Back to Xceed Real-Time Zip for Silverlight, what’s great about this product is that it compresses files or streams into Zip archives and decompresses Zip archives in a streaming fashion without using intermediate disk/memory storage or temporary files. That really jives with the likes of Silverlight, which doesn’t allow local write access.

Why is it called “Real-Time Zip”? Not because it is faster, since it avoids disk writes, but because it starts outputting a Zip file as soon as the first bytes of the first file to compress are provided. In the same way, it can also start unzipping a Zip file as soon as the first bytes of the Zip file are available. By the way, the size or number of files to compress or uncompress has little bearing on the memory footprint. You can Zip many multi-GB files without worrying about memory, though if you are Zipping tens of thousands of files (regardless of their size), memory use might start to become be a factor. The component must keep some information (filename, path, checksum, size...) about each file in memory in order to be able to write the Zip file’s “central directory” portion at the end of the Zip file.
I should also mention that strong 128- to 256-bit AES encryption is also supported while compressing/uncompressing.

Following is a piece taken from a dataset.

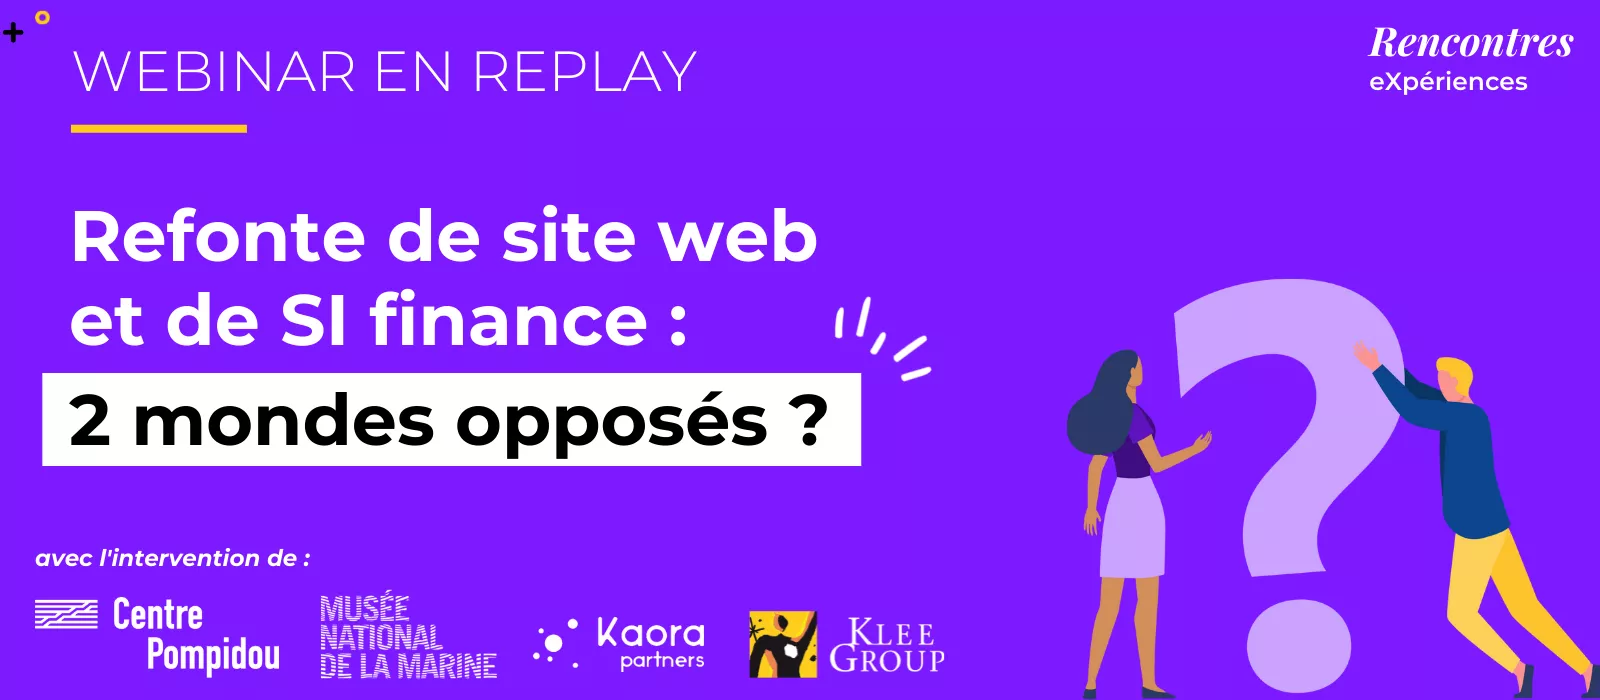 Refonte-Site-Web-SI-Finance-Webinar-Replay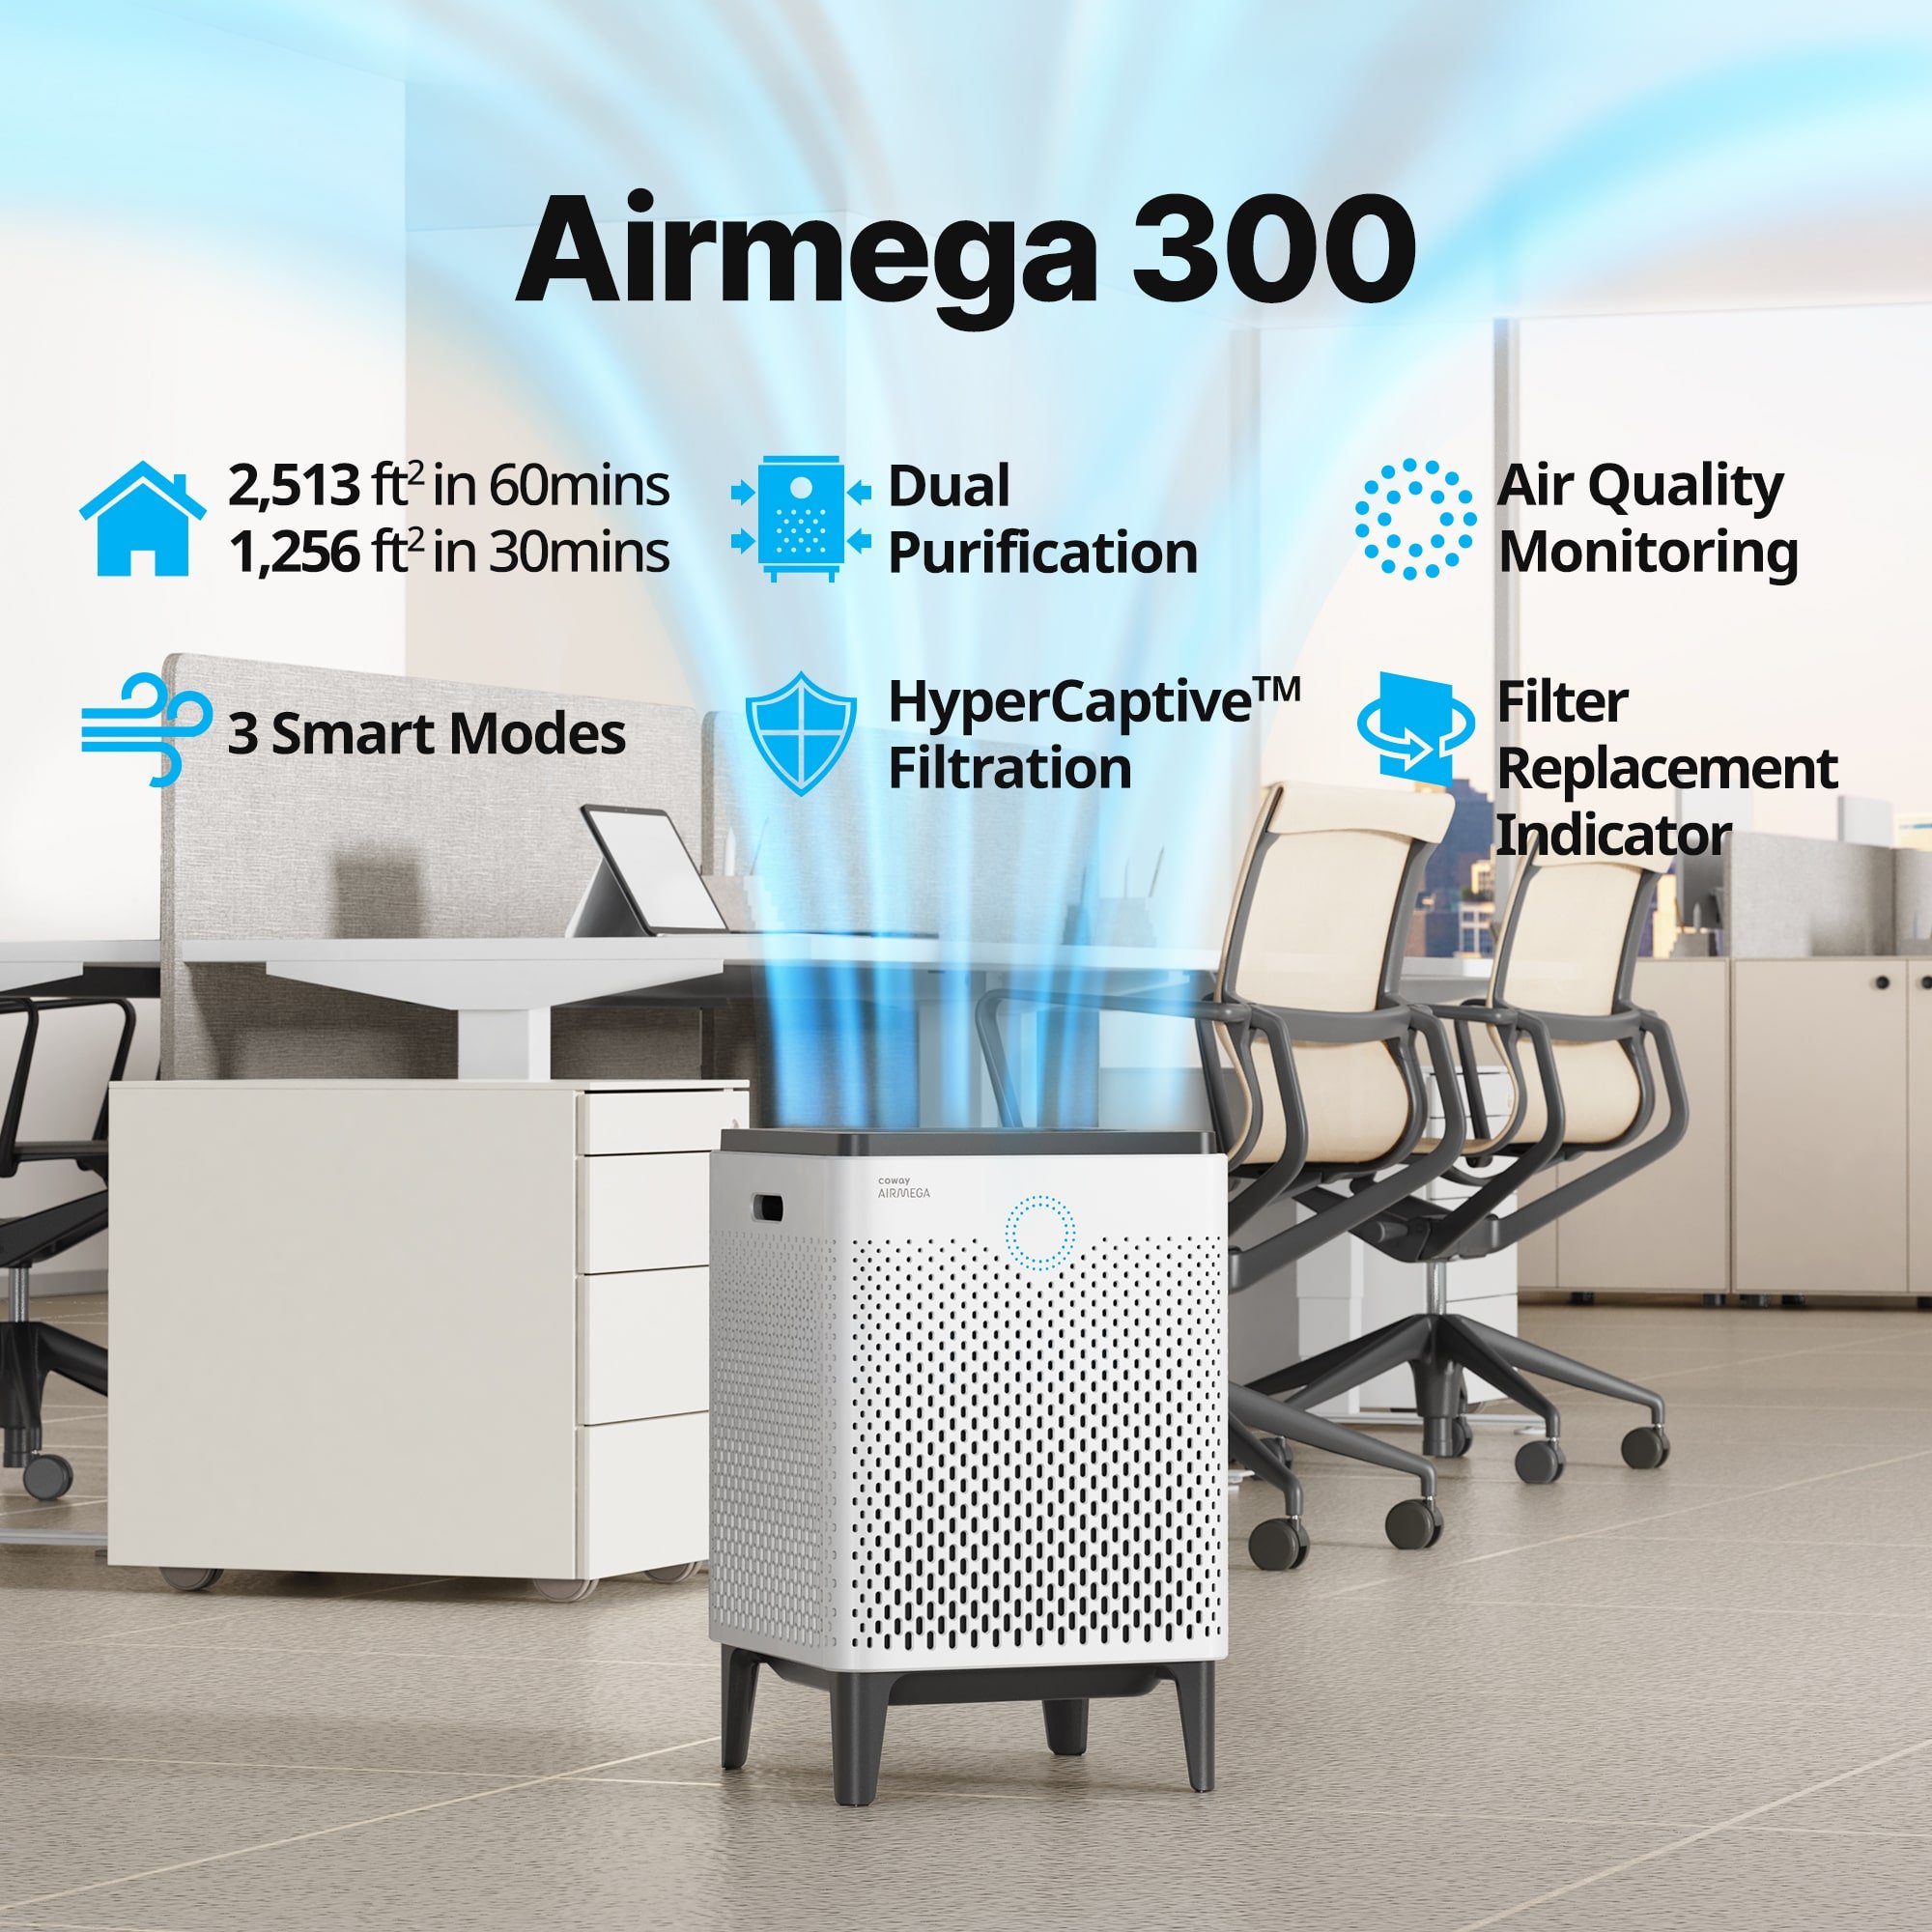 Airmega 300 highlight features

What use is there for a Zip library with Silverlight you might ask? First, it will let your Silverlight application read and consume the contents of a Zip file that’s stored on your user’s local filesystem. In the same fashion, it will allow your app to receive a Zip file from a server and unzip and consume the contents as the Zip file is coming in over the wire. Second, it will allow your code to compress a bunch of user selected files from their local filesystem into one Zip file that you can start uploading to a server or another user even before the complete Zip file is ready.